Information supplied =>
********
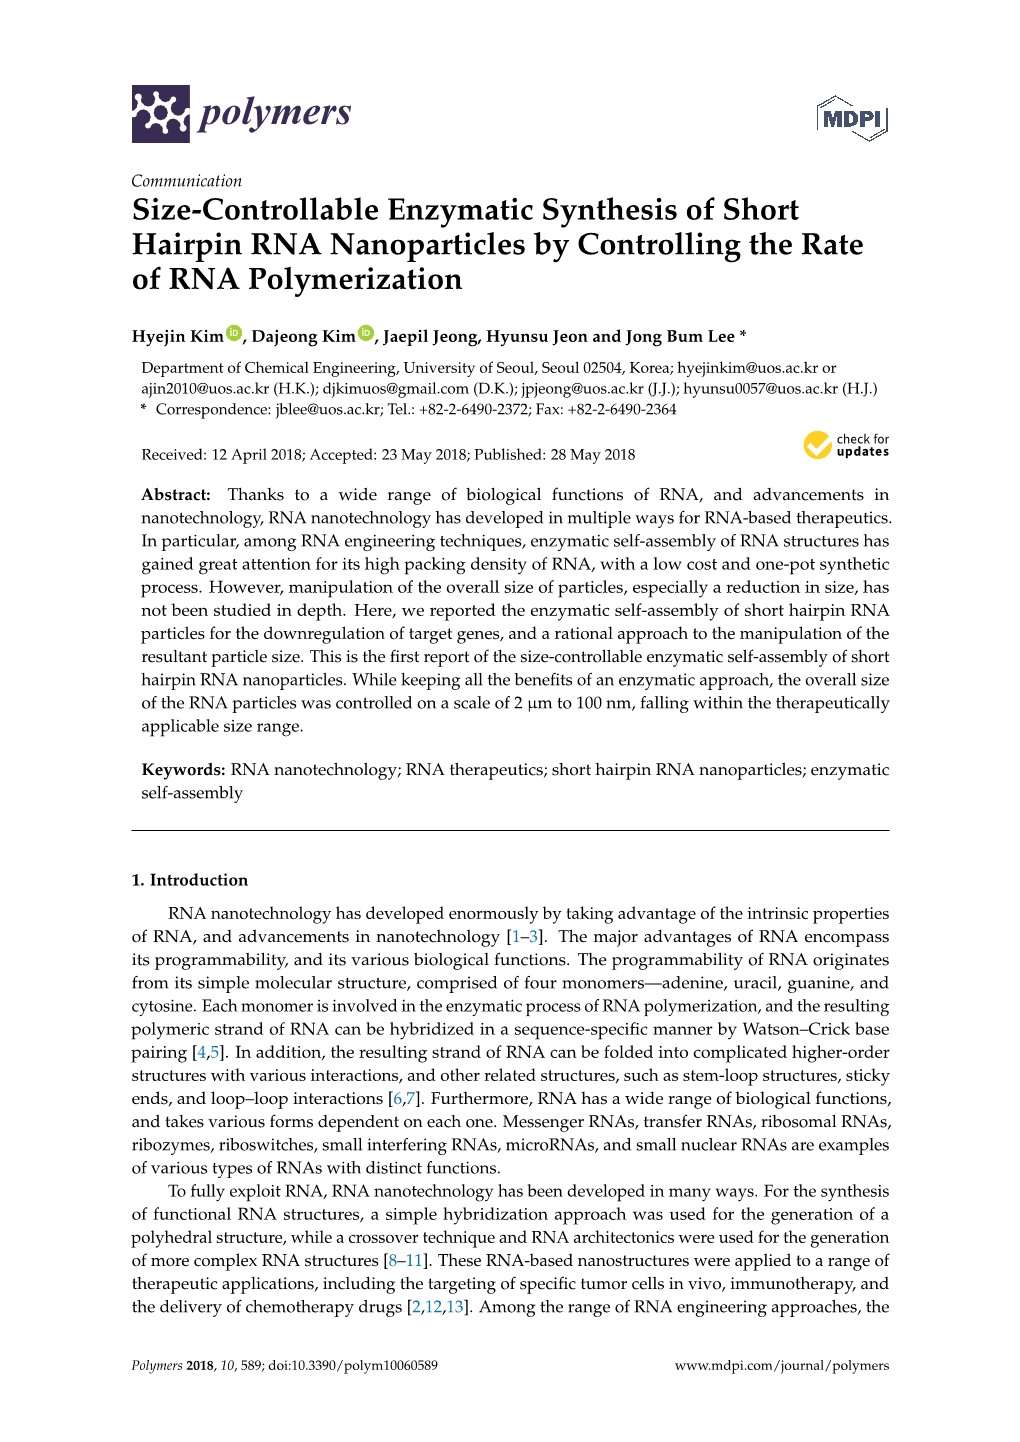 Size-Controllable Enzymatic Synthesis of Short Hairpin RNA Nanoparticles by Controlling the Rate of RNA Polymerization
********
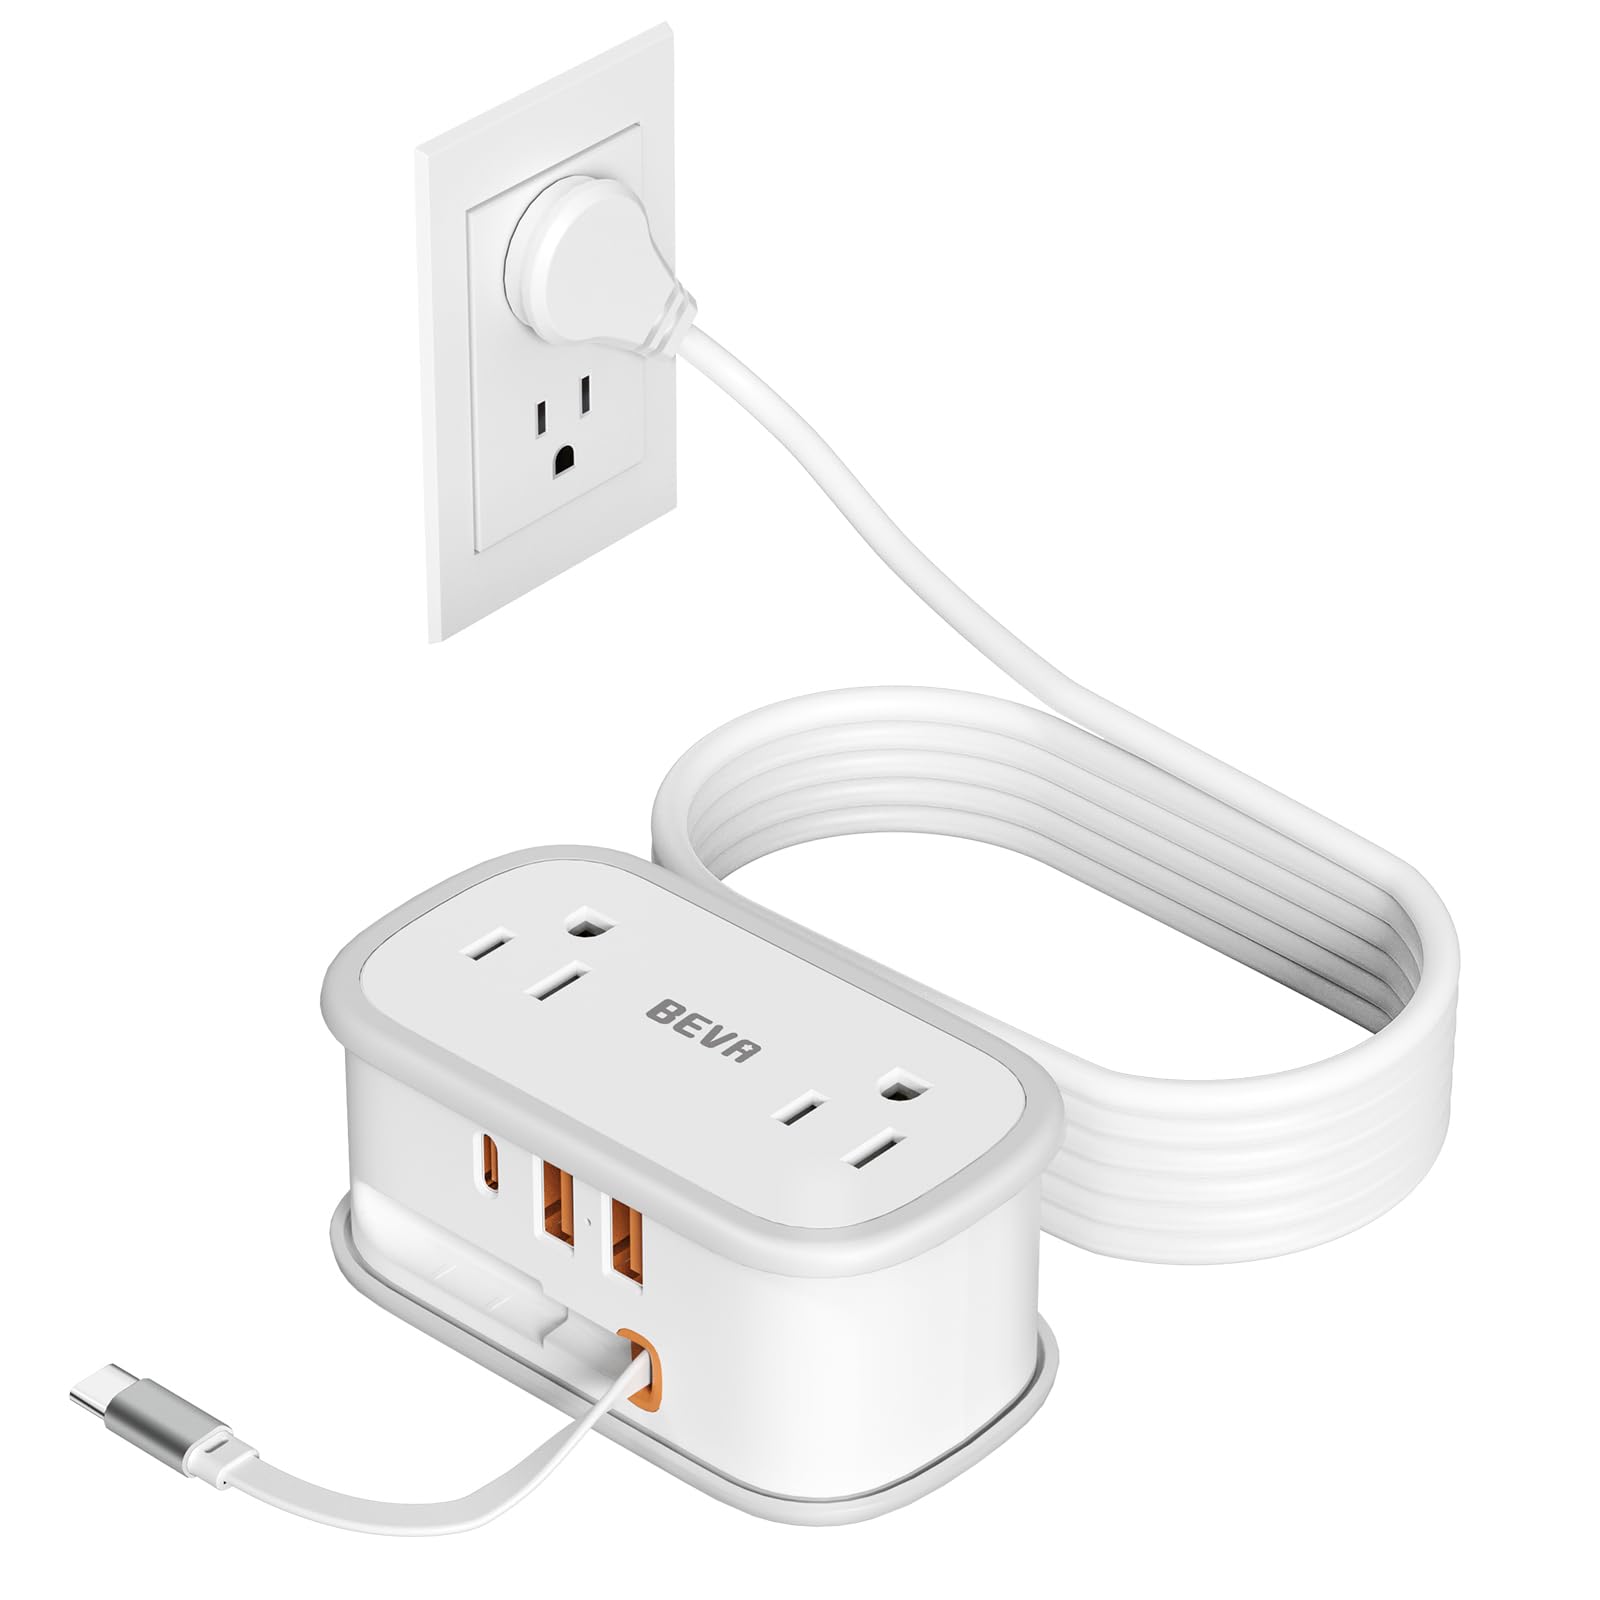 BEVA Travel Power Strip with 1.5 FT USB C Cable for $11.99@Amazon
********
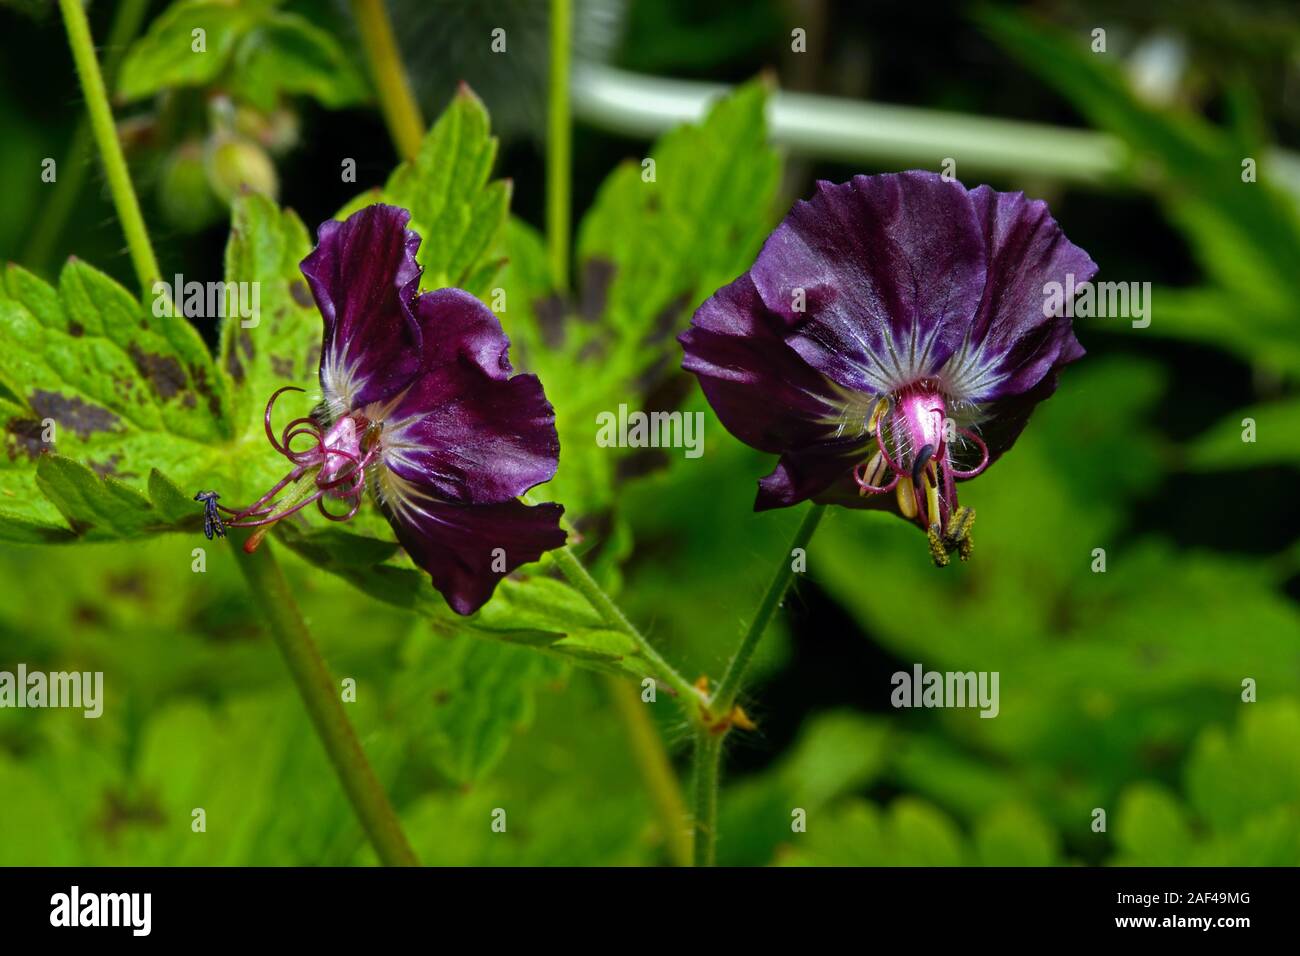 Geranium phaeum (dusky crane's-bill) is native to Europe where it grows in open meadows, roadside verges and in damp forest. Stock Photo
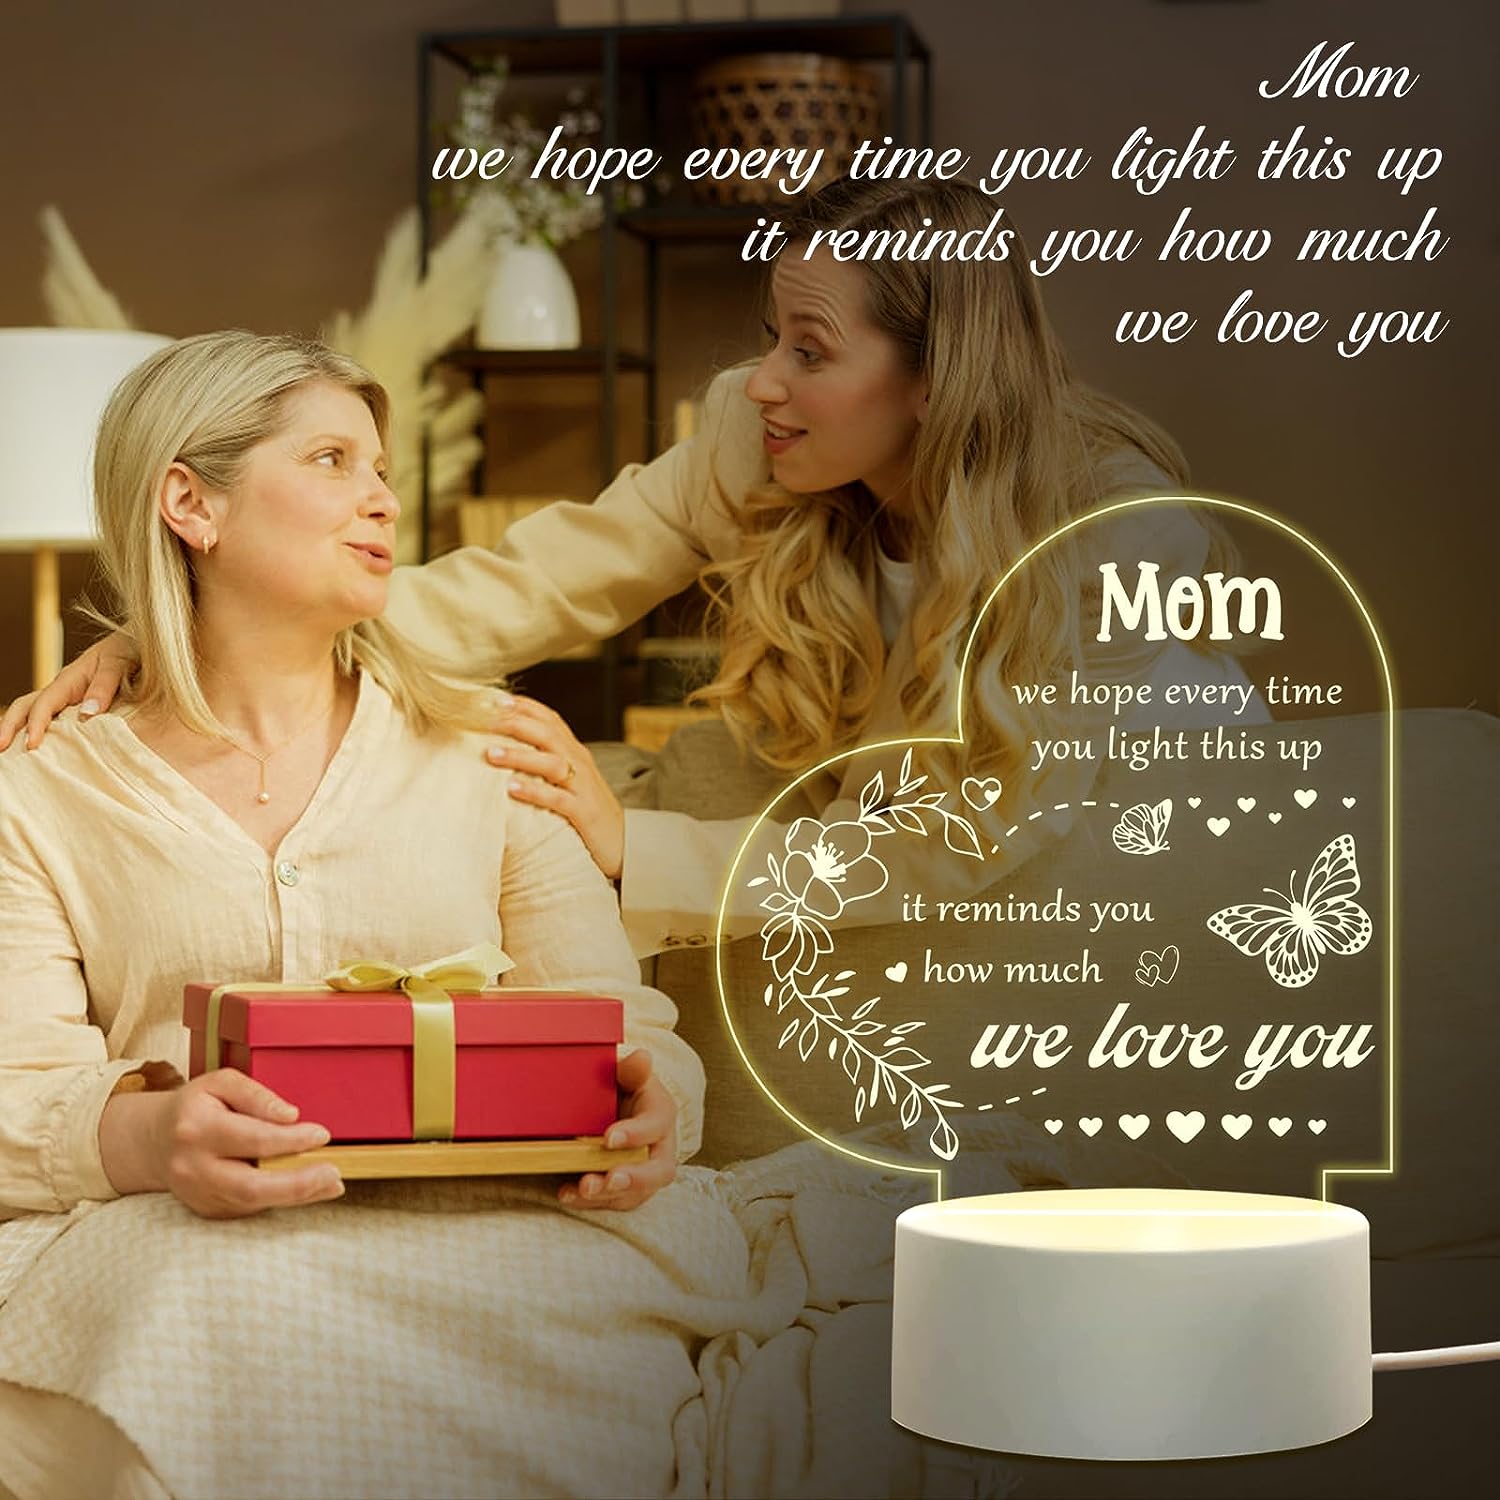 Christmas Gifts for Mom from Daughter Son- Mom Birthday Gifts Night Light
********
With the pictures removed from your copy, retype the lines above from the one that contains "Geranium phaeum (dusky" through the one that contains "Christmas Gifts for", exactly.

Answer box =>
 Geranium phaeum (dusky crane's-bill) is native to Europe where it grows in open meadows, roadside verges and in damp forest. Stock Photo
 Christmas Gifts for Mom from Daughter Son- Mom Birthday Gifts Night Light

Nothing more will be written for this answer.